■ Exercise brief ■
Beginning with the line that contains "Cheveux blancs a la mode" and ending with the line that contains "Carl Laubin T4W Oil on canvas 60 x 50 cm", reproduce the lines of the entries below exactly, omitting pictures.

■ Entries provided ■

########################################

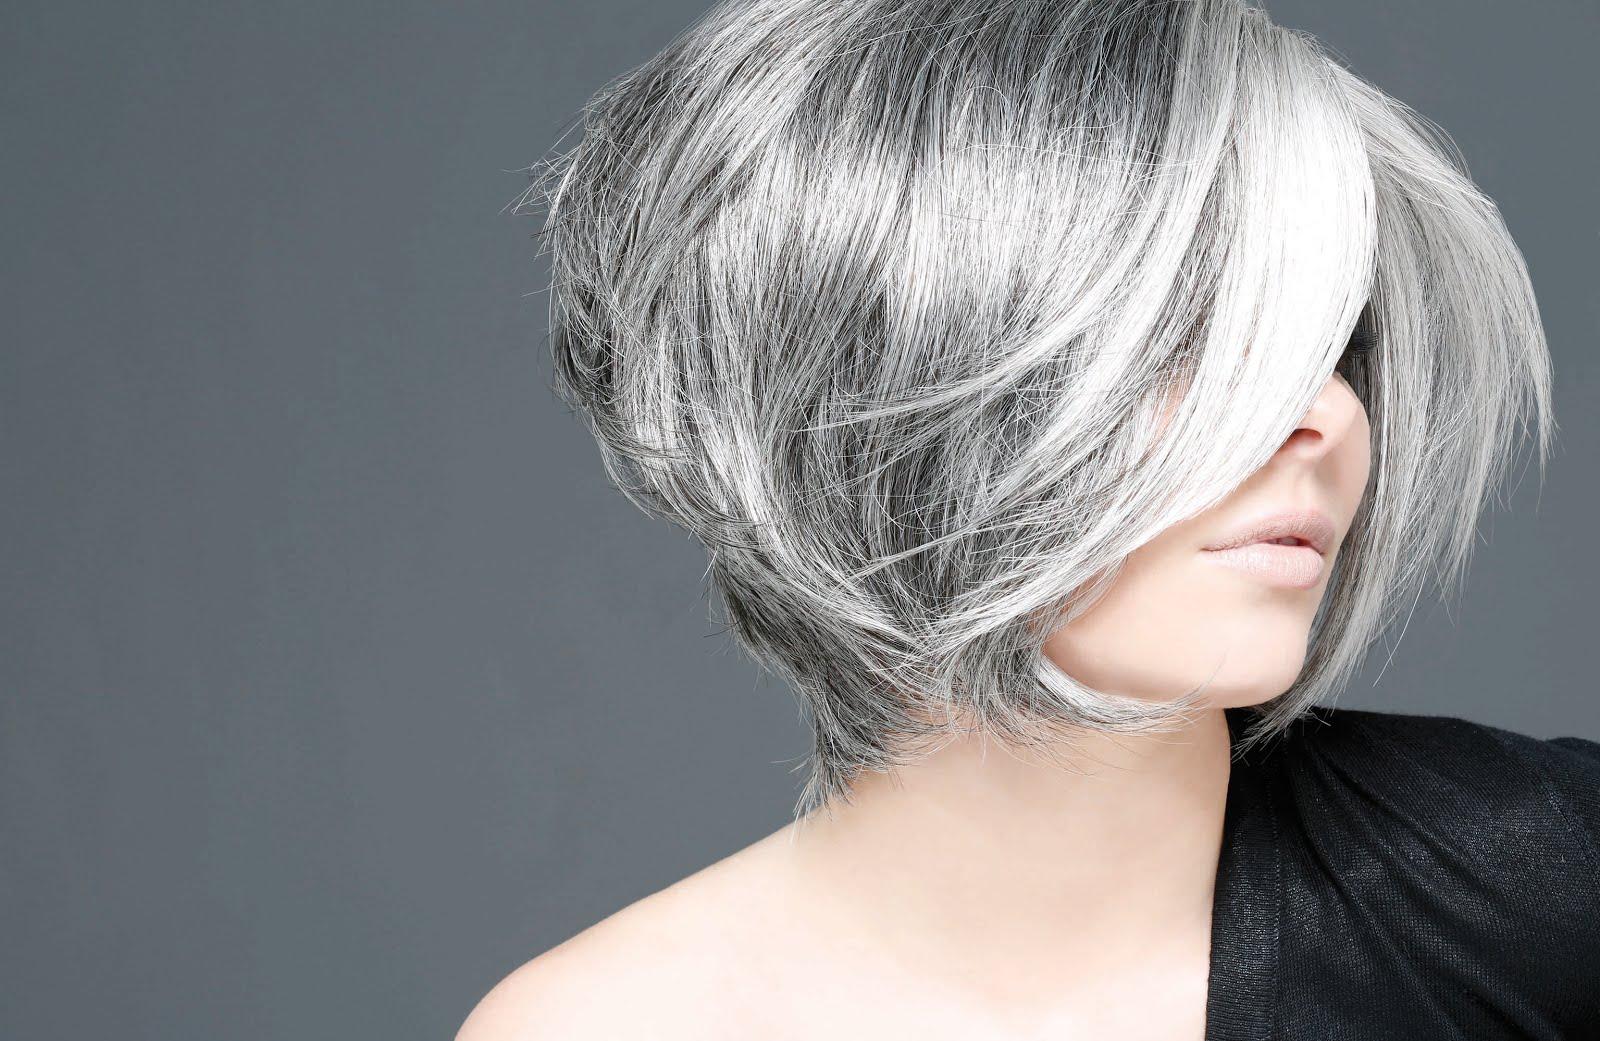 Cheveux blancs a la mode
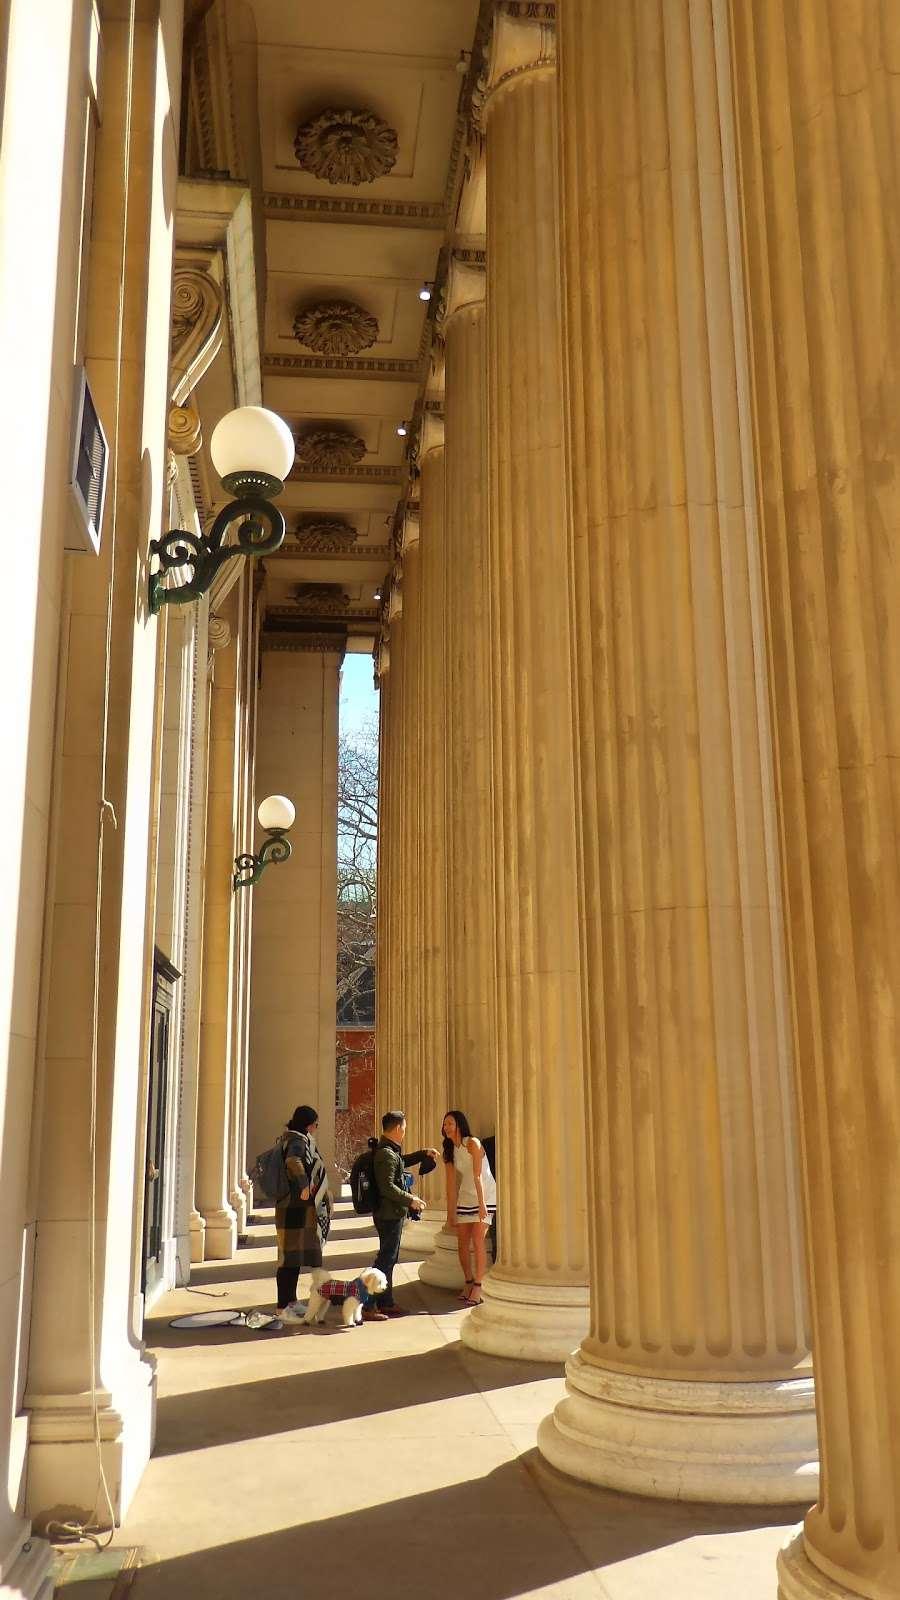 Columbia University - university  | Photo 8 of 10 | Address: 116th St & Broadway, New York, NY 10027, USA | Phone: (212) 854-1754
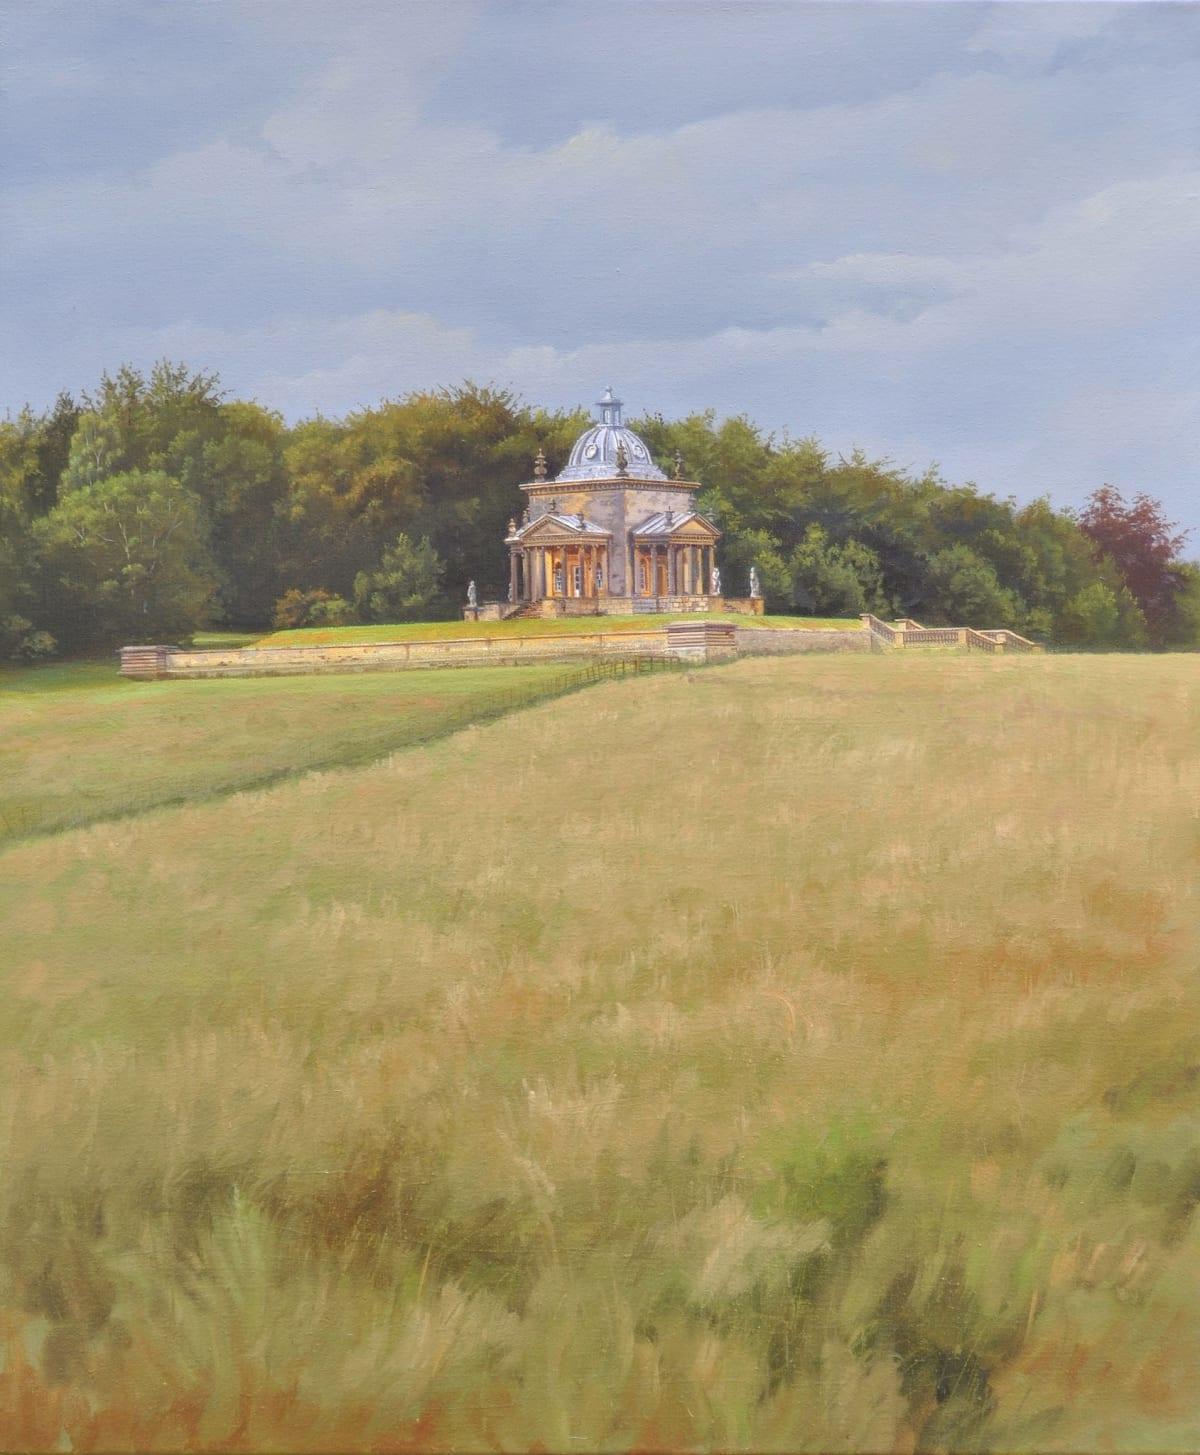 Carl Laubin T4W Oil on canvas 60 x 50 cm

########################################

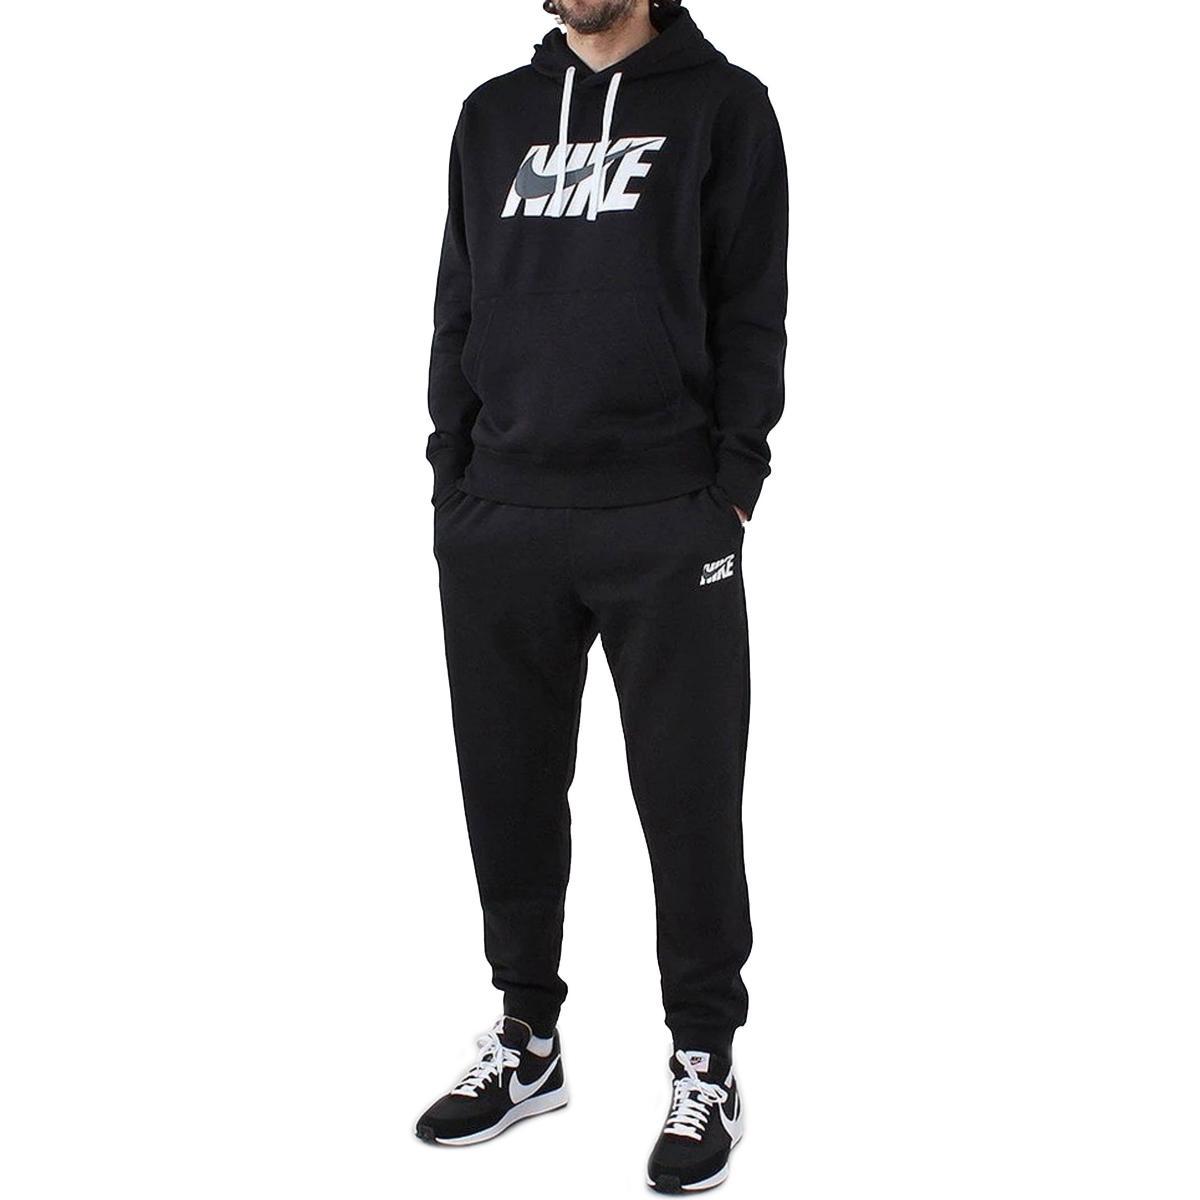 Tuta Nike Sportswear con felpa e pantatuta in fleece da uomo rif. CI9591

########################################

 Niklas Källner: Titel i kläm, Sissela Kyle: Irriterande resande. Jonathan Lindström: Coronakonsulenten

########################################

■ Answer for the task ■
 Cheveux blancs a la mode
 Columbia University - university  | Photo 8 of 10 | Address: 116th St & Broadway, New York, NY 10027, USA | Phone: (212) 854-1754
 Carl Laubin T4W Oil on canvas 60 x 50 cm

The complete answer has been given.